In 1992, Hakif attempted to travel to Albania to receive military training, but unknown circumstances delayed his involvement in direct combat. However he remained active in supporting and organizing resistance efforts. In 1995, when the KLA was formally established, Hakif, alongside Zahir Pajaziti, was instrumental in coordinating the group's early activities. His home in Lladoc became the first base of the KLA, where strategic operations were planned and heavy weapons were stored.

===Insurgency in Kosovo===
As a member of the KLA, Zejnullahu was known for his organizational skills. He handpicked young men from Llap and Pristina to join the fight for Kosovo's freedom. Throughout the mid-1990s, he was heavily involved in planning and executing military operations against Serbian forces, and he financed much of the KLA's activities through his own resources.

Hakif was also known for his deep bond with his cousin Zahir Pajaziti, with whom he organized many protests and demonstrations. Together, they strategized numerous successful KLA operations. Hakif's logistical support was vital to the early actions of the KLA, including the smuggling of arms from Albania and the safe transport of KLA fighters.

==Death==
On January 31, 1997, Hakif Zejnullahu was killed in an ambush by Serbian police forces in the village of Pestovë, Vushtrri, alongside Zahir Pajaziti and Edmond Hoxha.
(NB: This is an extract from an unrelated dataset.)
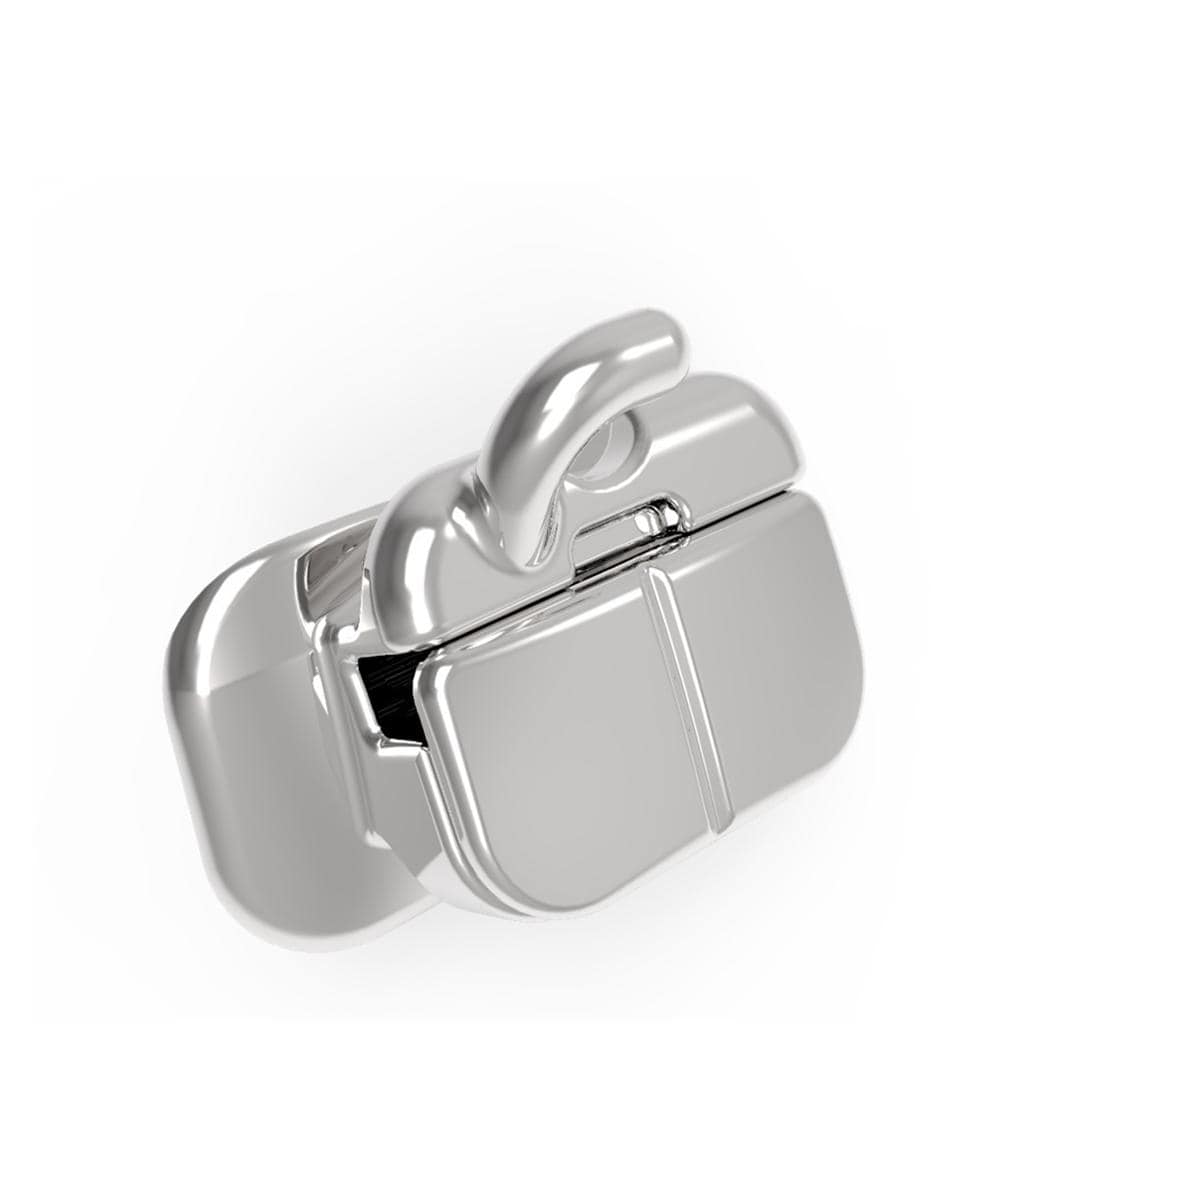 CARRIERE SLX 3D Metal Self Ligating Bracket .022 - UL7 HK (977-UL7-HK-10), 10 stuks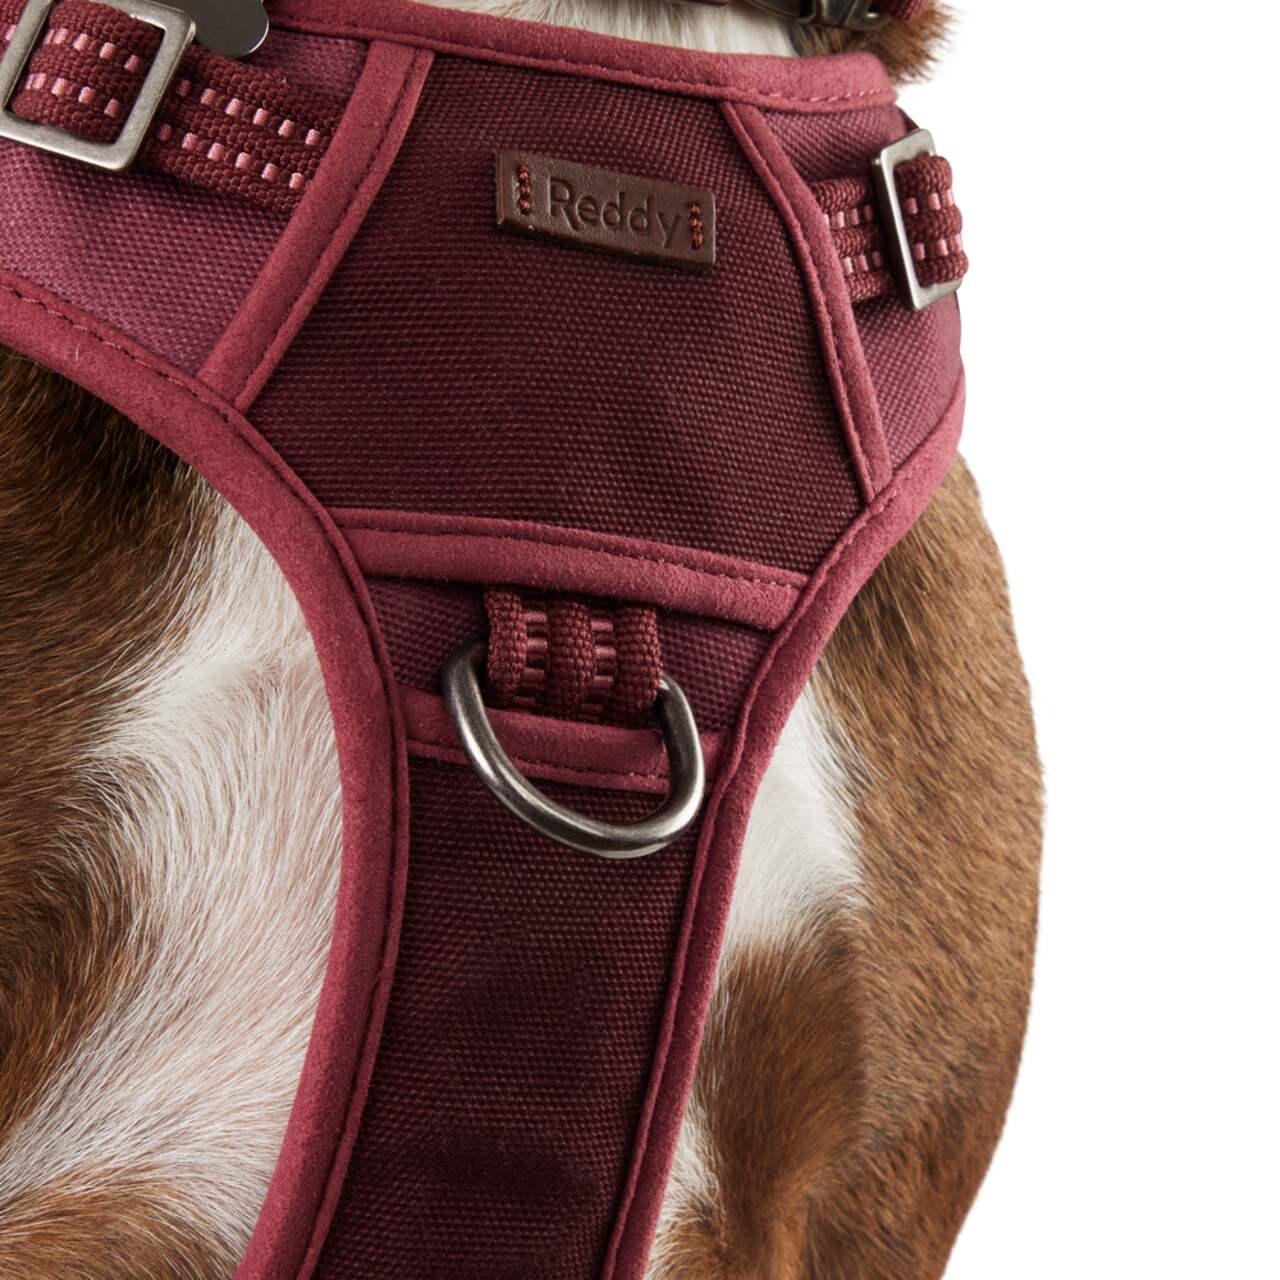 Reddy Burgundy Canvas Dog Harness, Medium

The three were returning from a mission when their vehicle, a green Lada, was attacked. Despite the immediate discovery of their bodies, the car in which they were ambushed was not found until after the end of the war. Zejnullahu was buried on the next day in his home village of Lladoc.

==Legacy==
In recognition of his sacrifice, the President of Kosovo Atifete Jahjaga posthumously awarded him and his fellow fighter Edmond Hoxha with the "Hero of Kosovo" decoration in 2013, the highest honor bestowed by the state. In 2023, on the 26th anniversary of the deaths, they were remembered by the current President of Kosovo and Prime Minister of Kosovo.

Zejnullahu's name is honored in several ways across Kosovo. The Kosovo Security Force garrison near Lupç, a sports hall in Podujevë, and several streets in cities like Pristina and Vushtrri are named after him.

Additionally, a monument has been erected at the site of his death in Pestovë to honor him, Zahir Pajaziti and Edmond Hoxha. His childhood home in Lladoc has been turned into a memorial complex and the car, in which they were killed, displayed in the courtyard of his house, has become a symbol and a tribute of his life and sacrifice.